Size does not predict compliance. qwen3-5-legion (9B) scores better on system authority and negative instructions than qwen3-coder (34B). The 9B model runs the base instruct tune; the 34B model is a coding-specialist fine-tune that sacrificed some instruction-following rigidity for code generation performance. If you're routing through legion and need reliable agent behaviour, qwen3-5-legion is the pick over qwen-coder-legion unless raw code generation quality is the primary requirement.

The Phi-4-mini reasoning variants are not what they advertise (at least not to this probe). They're trained as reasoning models, but the reasoning is not externally extractable via the <think> tag protocol that works on DeepSeek and Devstral. Their system authority is Weak and they can't produce structured diffs.
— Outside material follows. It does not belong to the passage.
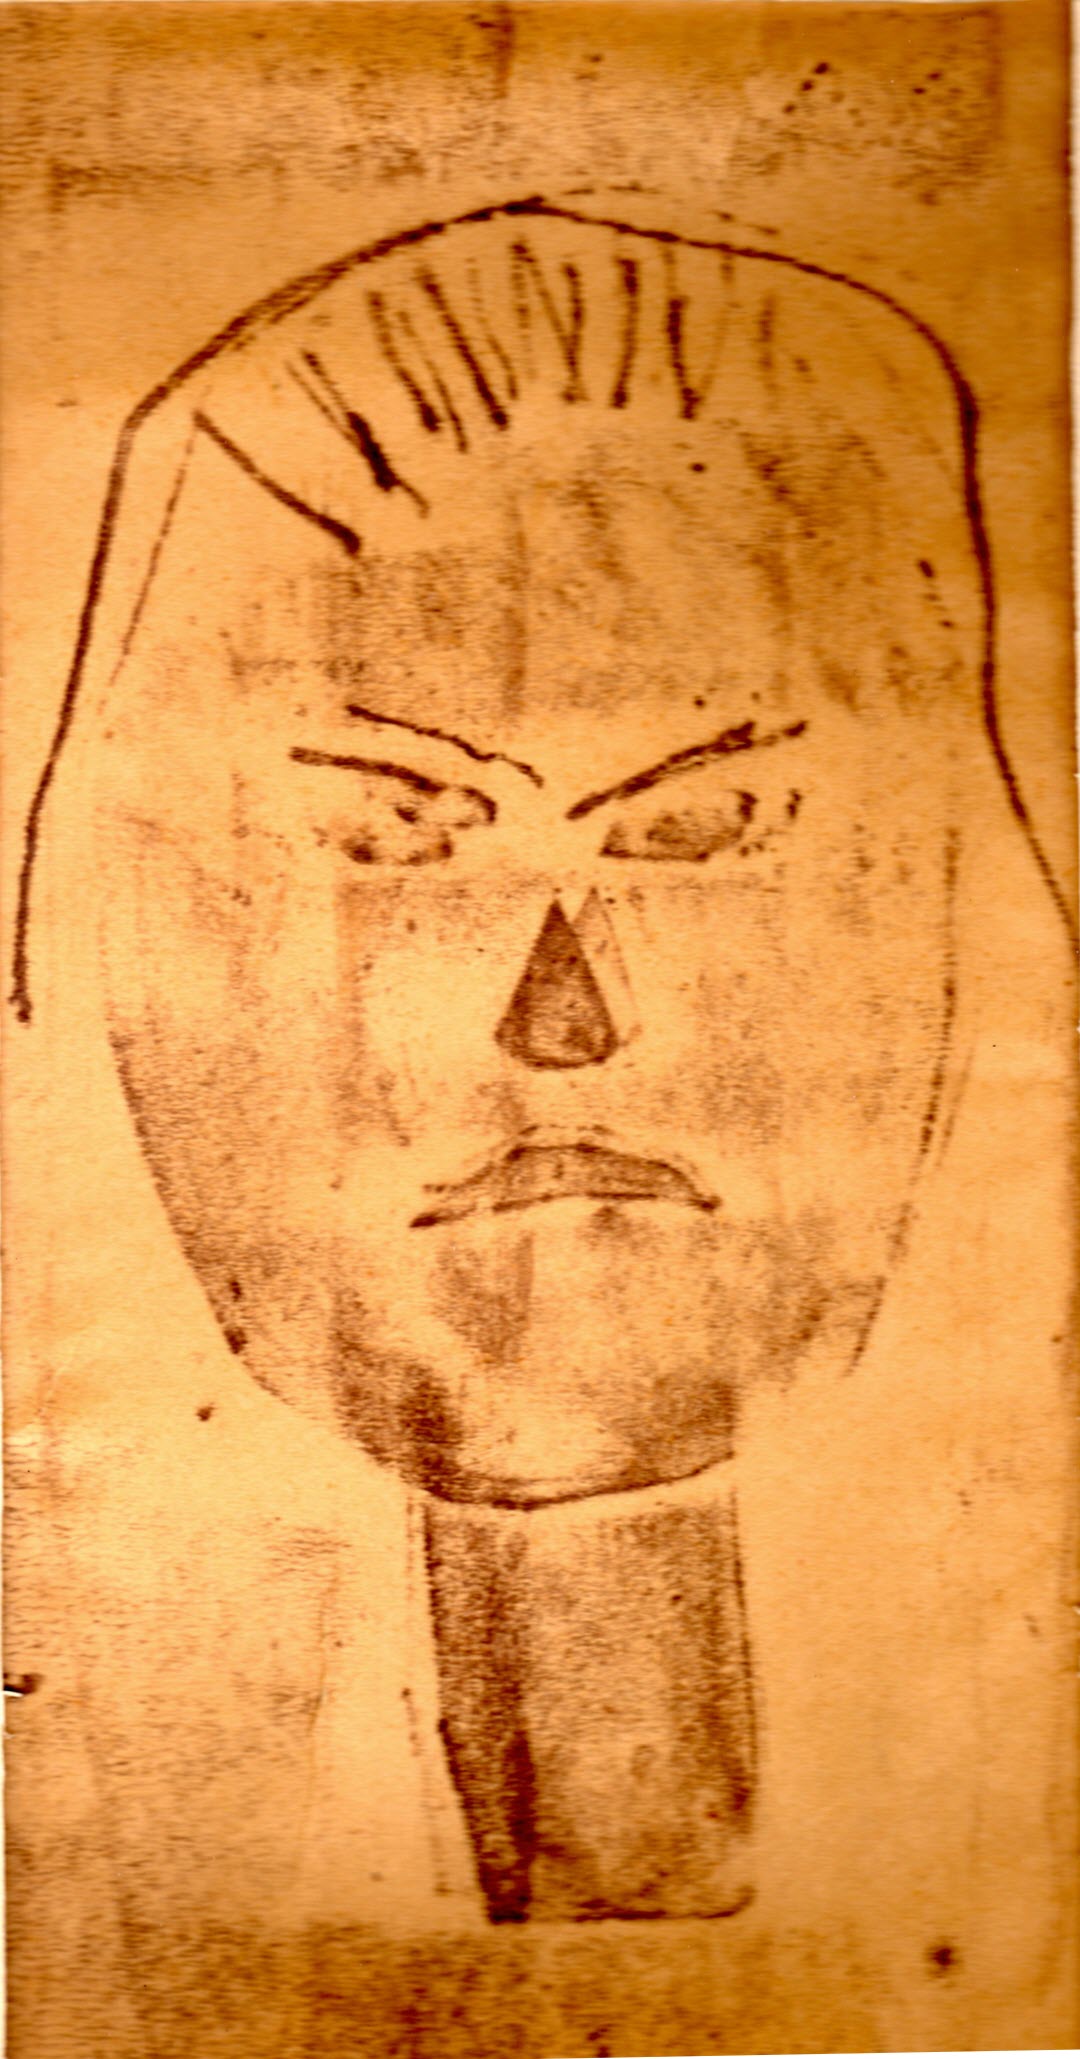 Etching of angry face

They might still be useful for direct Q&A tasks where thinking is implicit, but they're not ready for agentic pipelines as currently deployed.

What's still pending

The following models were added to the fleet after this probe run and profiles are not yet available:

phi4-mini-instruct-beast, phi4-mini-reasoning-beast — beast-node variants of the legion/mx minis
qwen3-5-beast — beast-node 9B; interesting to see if it matches legion's instruction-following scores
qwen3-6-27b — 128K context Qwen3 27B, first run pending
qwen3.5-122B-A10B — the big one; needs dedicated 77 GB VRAM window
devstral-2-small-mx — needs isolated P4 run (8 GB exclusive)

This post will be updated, or a follow-up will cover the new entries once those probes complete.